Input data:
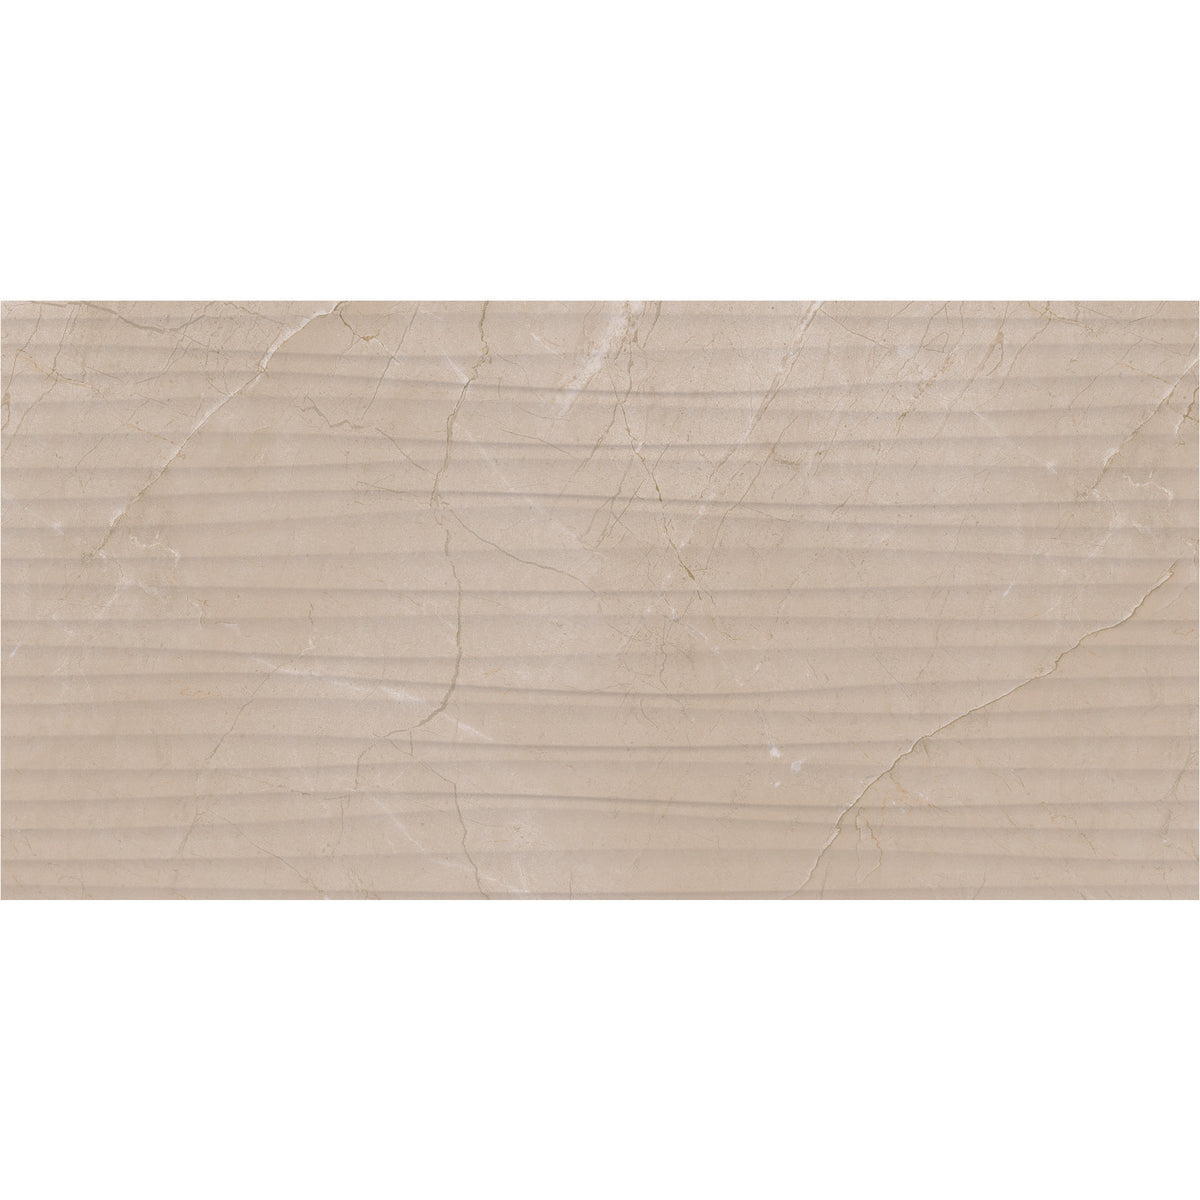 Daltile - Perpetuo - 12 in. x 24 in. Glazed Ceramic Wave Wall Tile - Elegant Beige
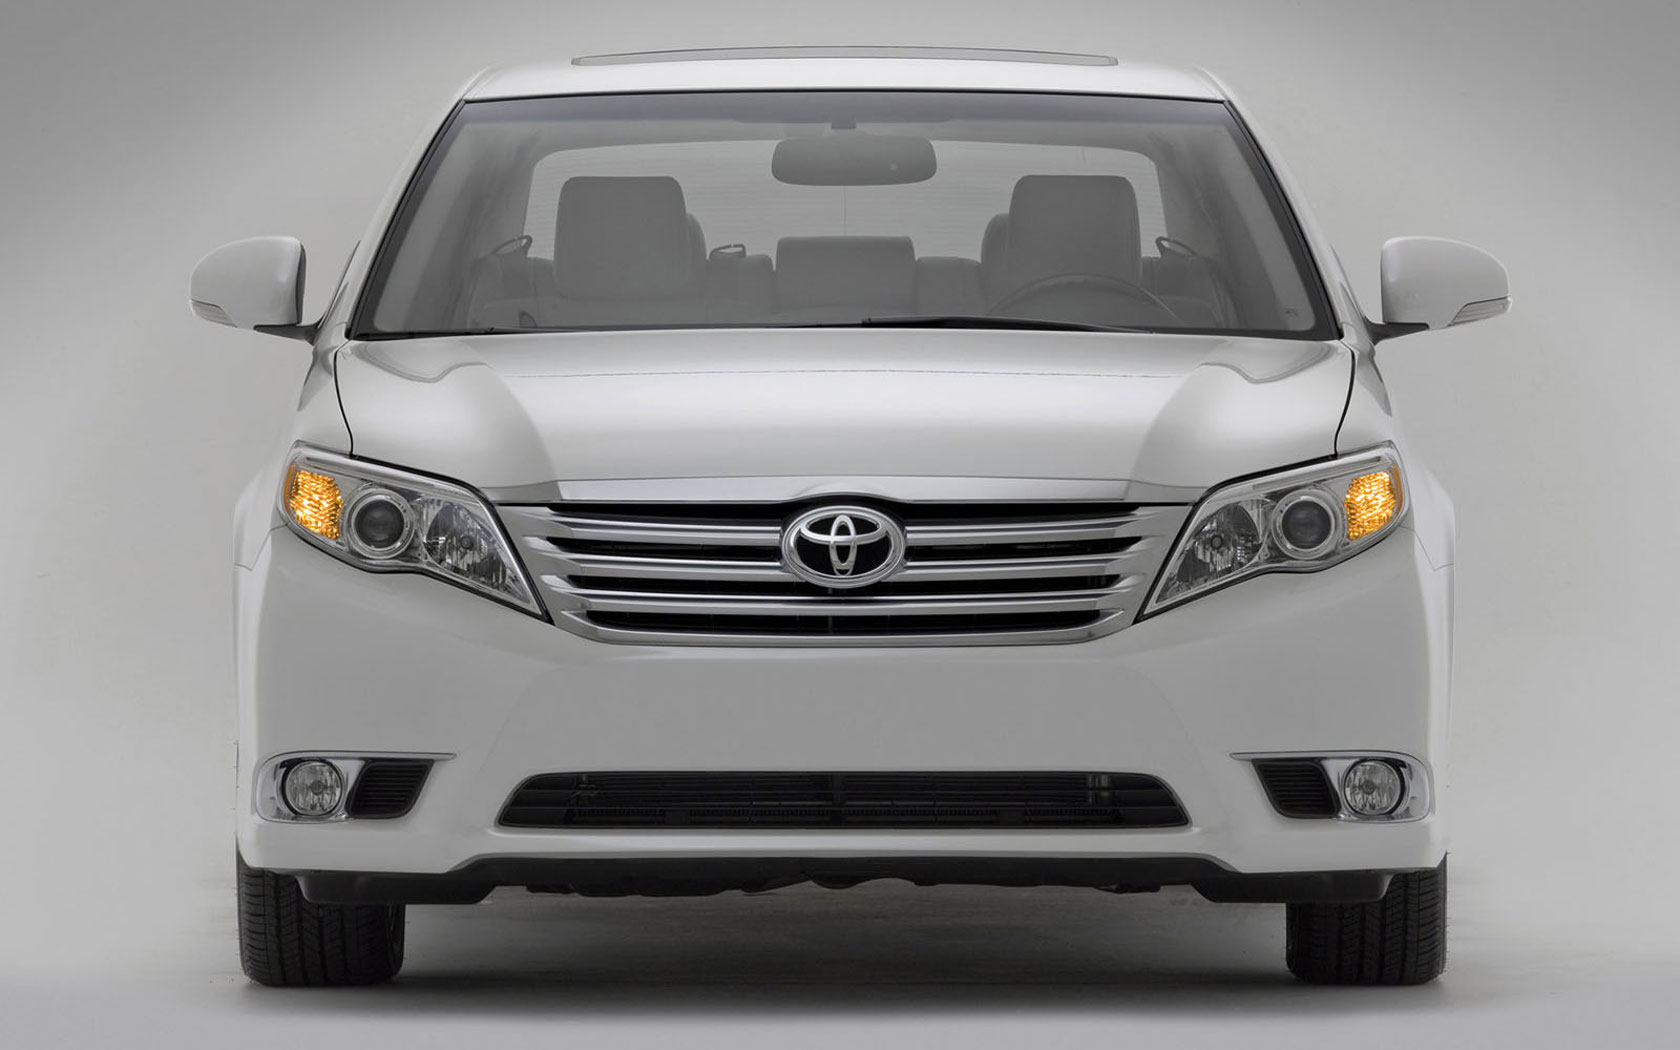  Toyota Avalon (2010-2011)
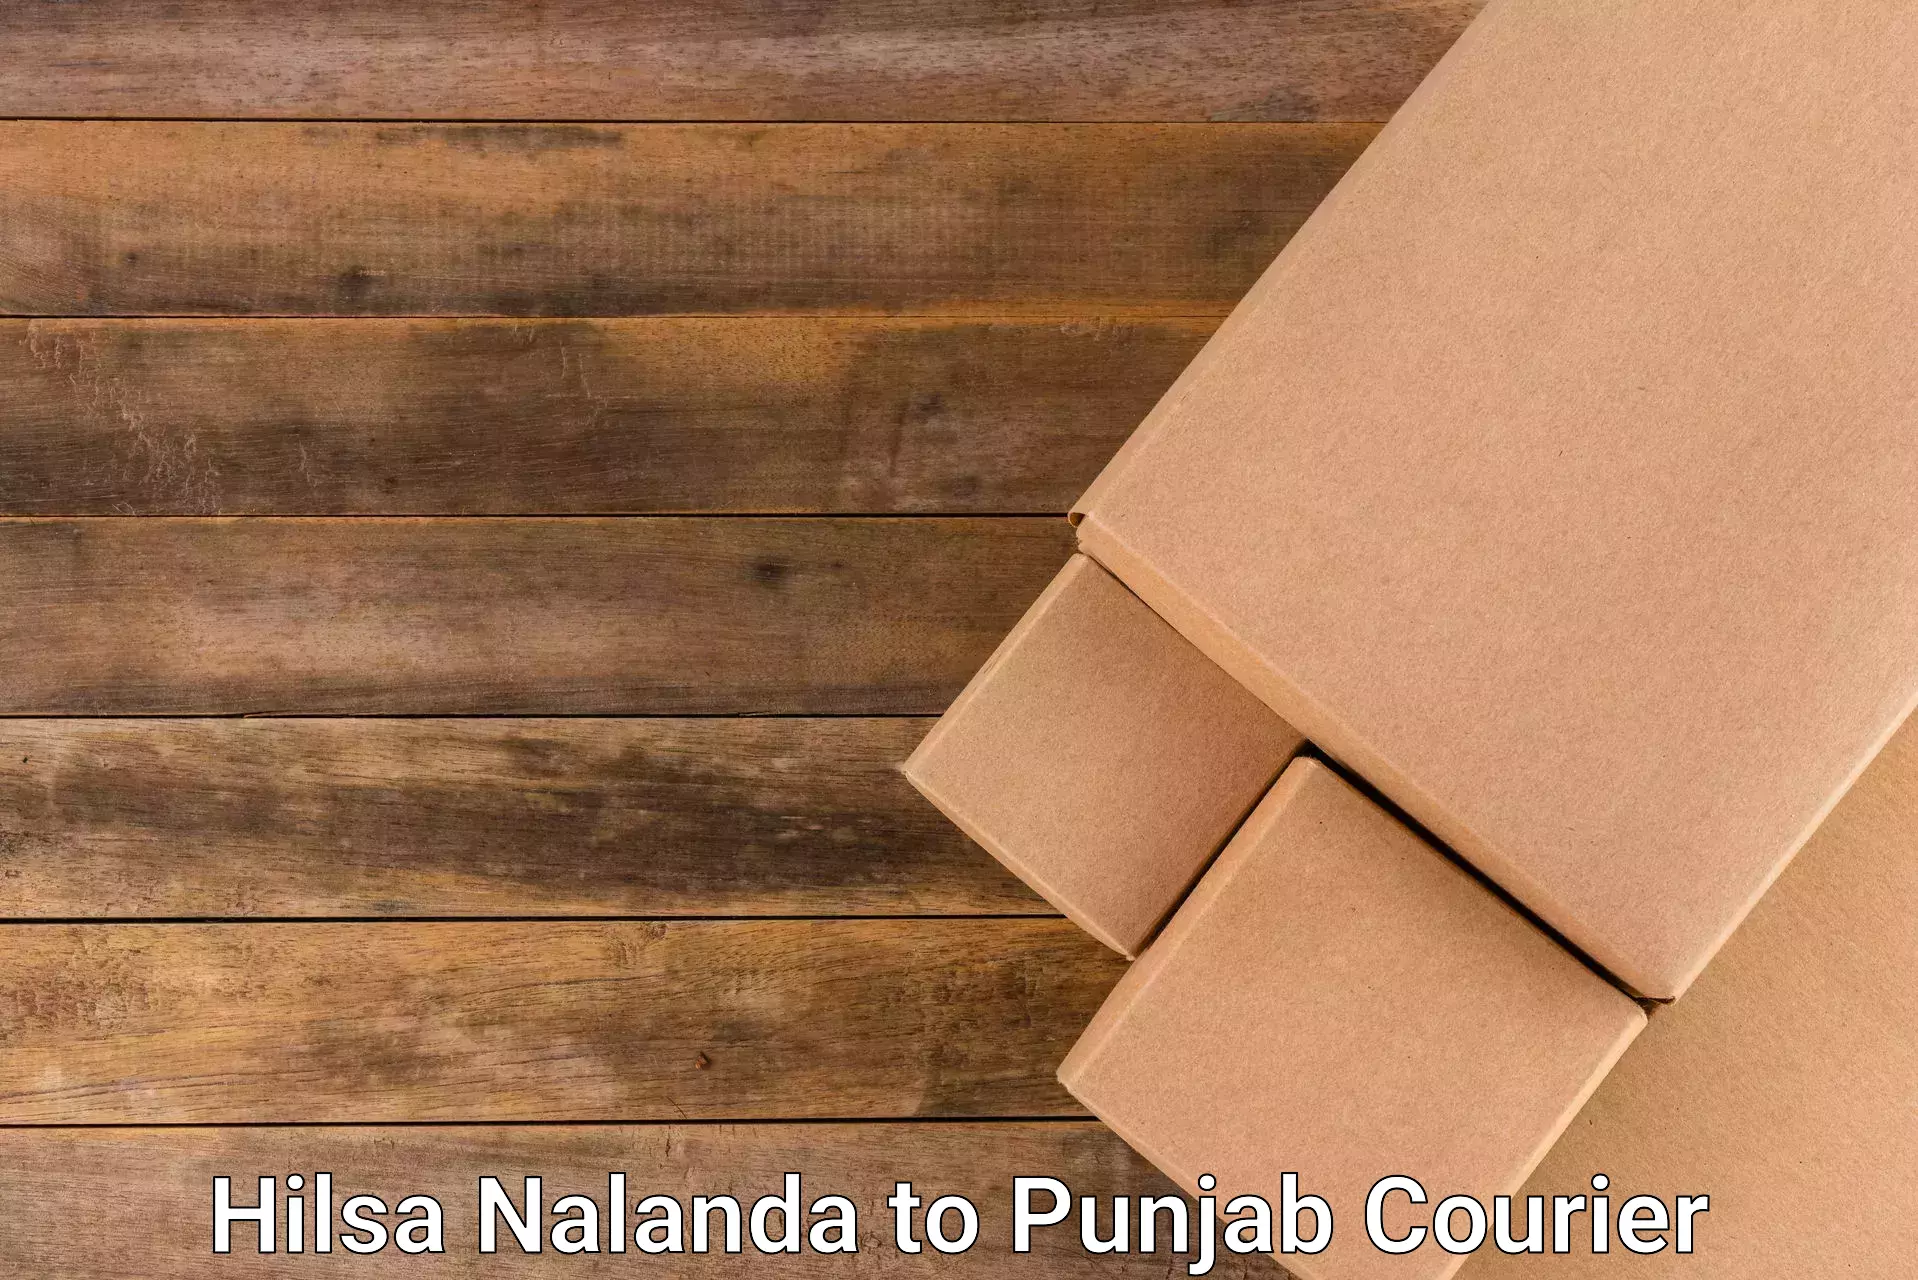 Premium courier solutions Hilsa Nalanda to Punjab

Work instruction: Now repeat exactly the lines from the one with "Toyota Avalon (2010-2011)" through the end of the listing above, both included, omitting all pictures.

Exercise answer:
  Toyota Avalon (2010-2011)
 Premium courier solutions Hilsa Nalanda to Punjab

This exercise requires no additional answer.